A 20–40 page written analysis mapping the practice against the Security Rule's administrative, physical, and technical safeguards. A prioritized Plan of Action & Milestones: gaps, remediation actions, owners, target dates. Updated annually and on significant IT changes. Signed by the practice owner or designated Security Officer.
Common gaps.
A four-page checkbox risk analysis from 2019 that the previous IT vendor filled out. No analysis at all. An analysis that identified gaps three years ago and nothing has been done.

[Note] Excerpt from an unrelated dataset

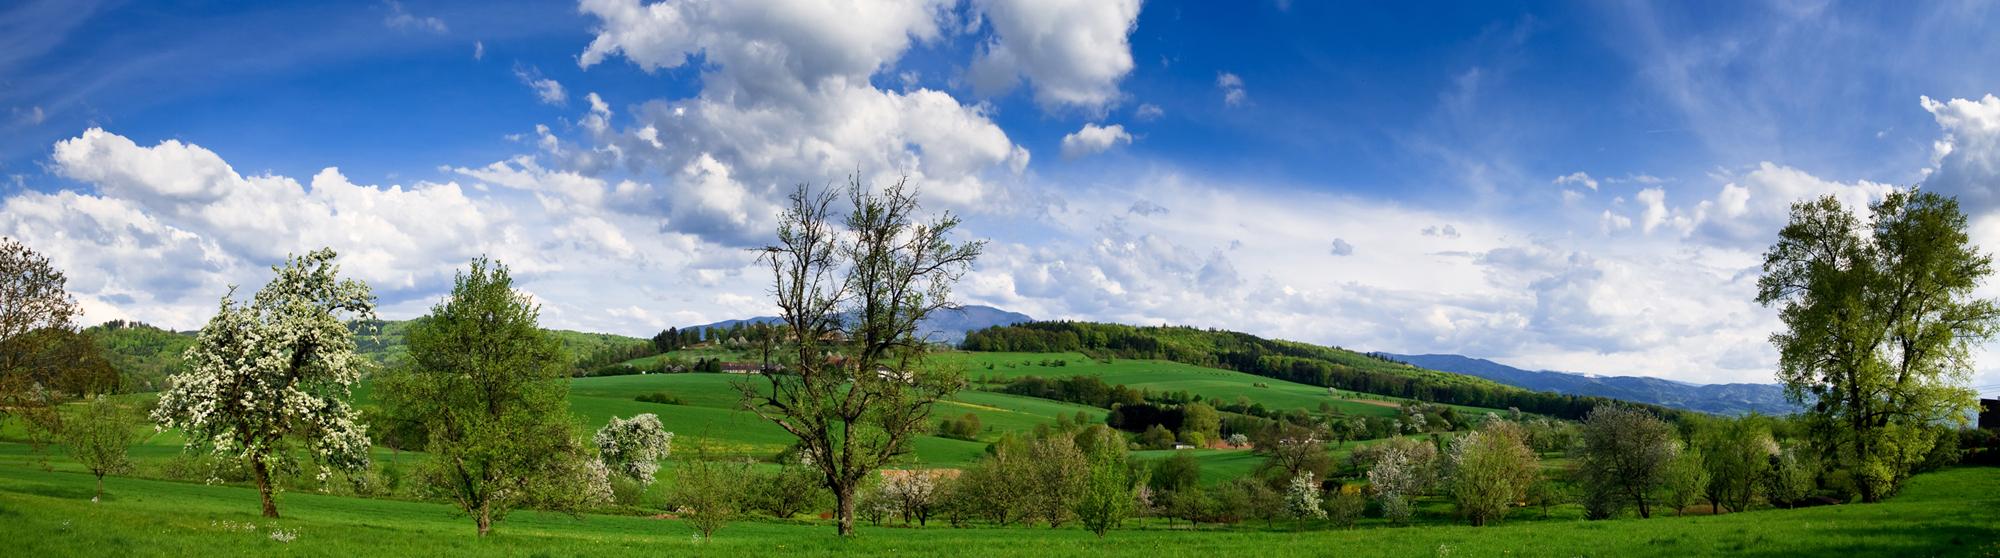 regio-schwarzwald

Control 8 of 8 · Funds-transfer integrity

Business Associate Oversight and Funds-Transfer Integrity

The question.
Is there a Business Associate (BA) inventory with risk-assessed oversight for every service provider that touches PHI, and a written dual-channel wire-verification procedure enforced on every payroll, vendor, and equipment transfer?
Why it matters.
The Change Healthcare attack of February 2024, which compromised the PHI of 193 million individuals through a single BA, is the reference ceiling for what a vendor compromise costs the sector. The HIPAA Security Rule codifies the oversight obligation at 45 CFR § 164.308(b)(1) and 45 CFR § 164.314(a), but a signed Business Associate Agreement (BAA) on file is not the control carriers credit; what they credit is an inventory that names every BA, a risk tier per BA, and a documented re-assessment cadence. On the funds-transfer half, Coalition's 2026 data puts BEC and funds-transfer fraud at 58% of all cyber claims and FTF alone at 27%; for a small healthcare practice the exposure is not client-wire fraud but procurement fraud — a re-routed payroll deposit, a changed revenue-cycle remittance, a spoofed equipment invoice. A written callback step with a pre-shared verification code closes the dominant outbound-wire loss pattern at effectively zero technology cost.

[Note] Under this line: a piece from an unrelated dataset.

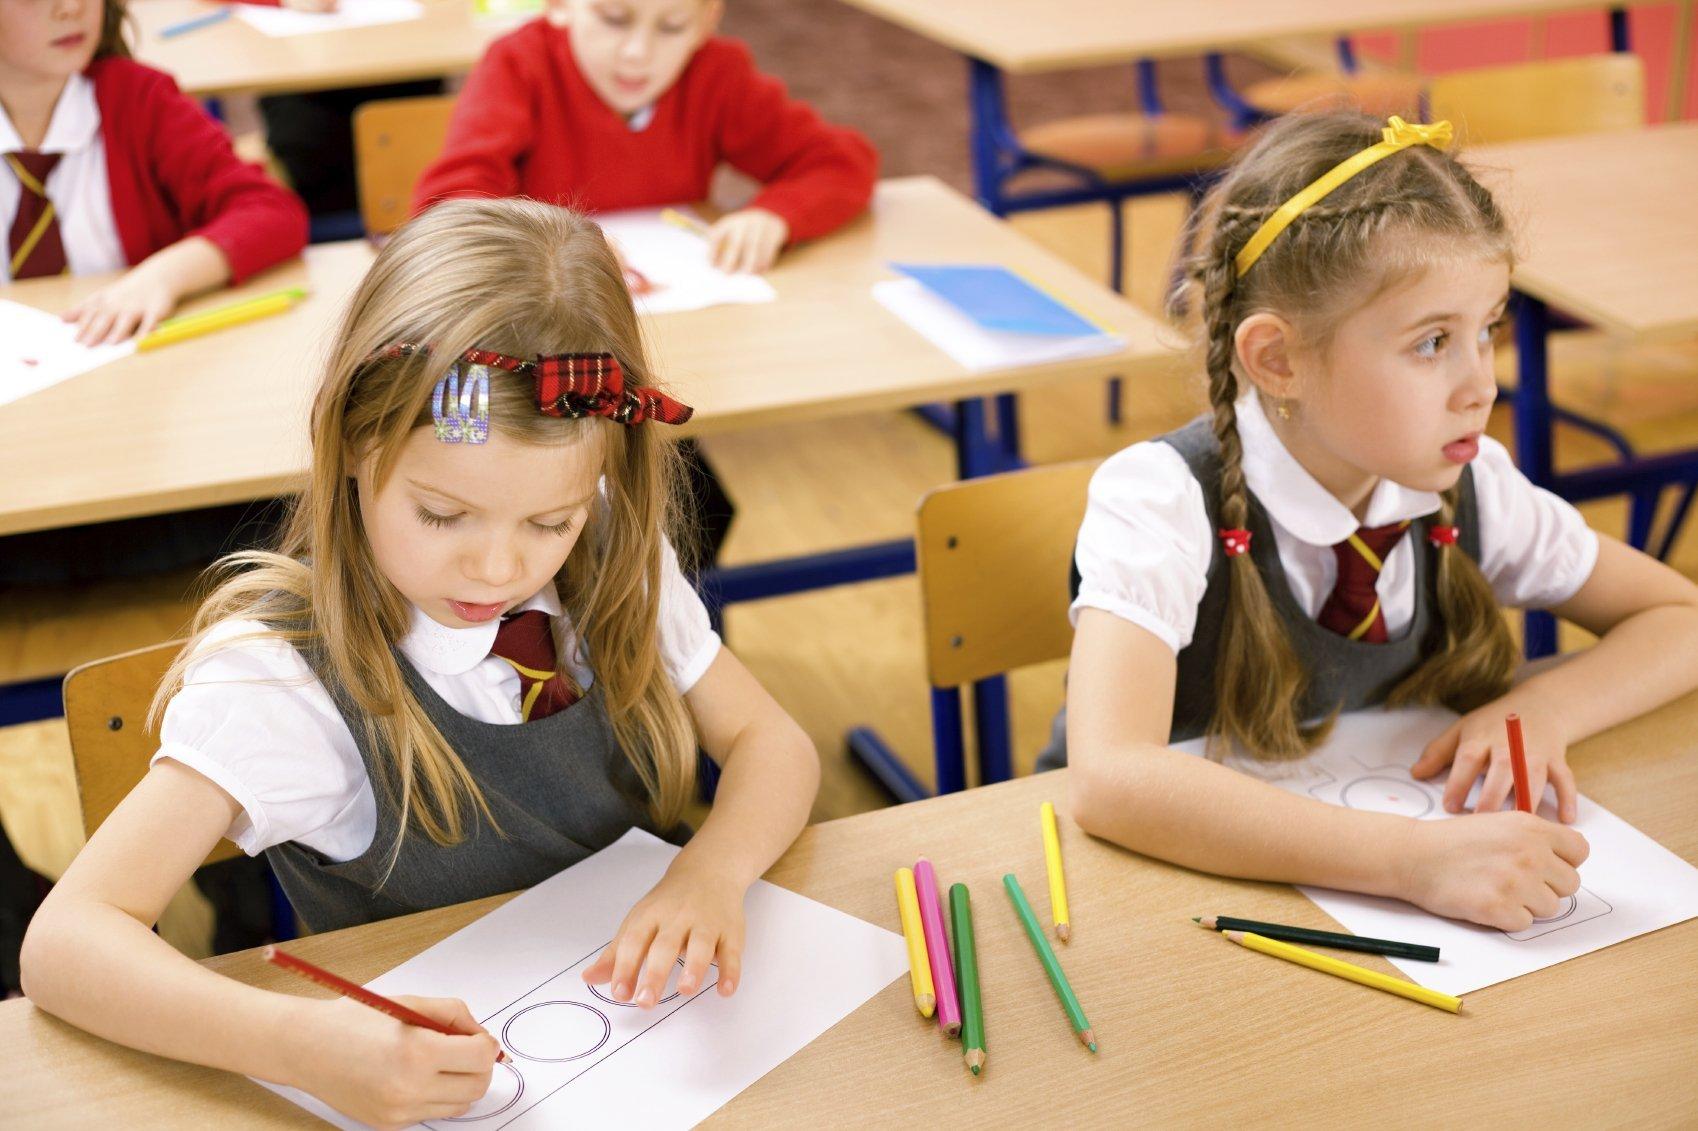 картинки для учащихся начальных классов

Implemented, inside a small practice.
A BA inventory listing every service provider touching PHI: EHR, practice-management, medical billing and revenue-cycle, imaging and PACS, e-prescribing, patient portal, secure-messaging, payment processor, IT MSP, and backup provider. A signed BAA with each, with executed date and renewal anchor. A risk tier per BA (MFA, EDR, encryption, incident-notification terms), re-assessed annually and after any reported vendor incident. A written wire-verification procedure: callback to a pre-registered vendor phone number (never to a number from the inbound email), dual approval above a stated threshold, out-of-band confirmation for any same-day instruction. Wire-fraud incidents reported to the carrier within 72 hours.
Common gaps.
A BAA binder from 2019 that does not include the MSP, the billing vendor, or the new patient-portal service because "they told us they were HIPAA-compliant." No BA inventory at all. Wire instructions verified by reply email only. Payroll-deposit changes approved by a single staff member because the email matched the HR contact's style.

Each control above is one plate in the full written risk analysis. In a Tier-1 engagement the eight plates become the body of a 20–40 page document, the findings flow to a Plan of Action and Milestones, and the whole package is signed by the practice owner or designated Security Officer.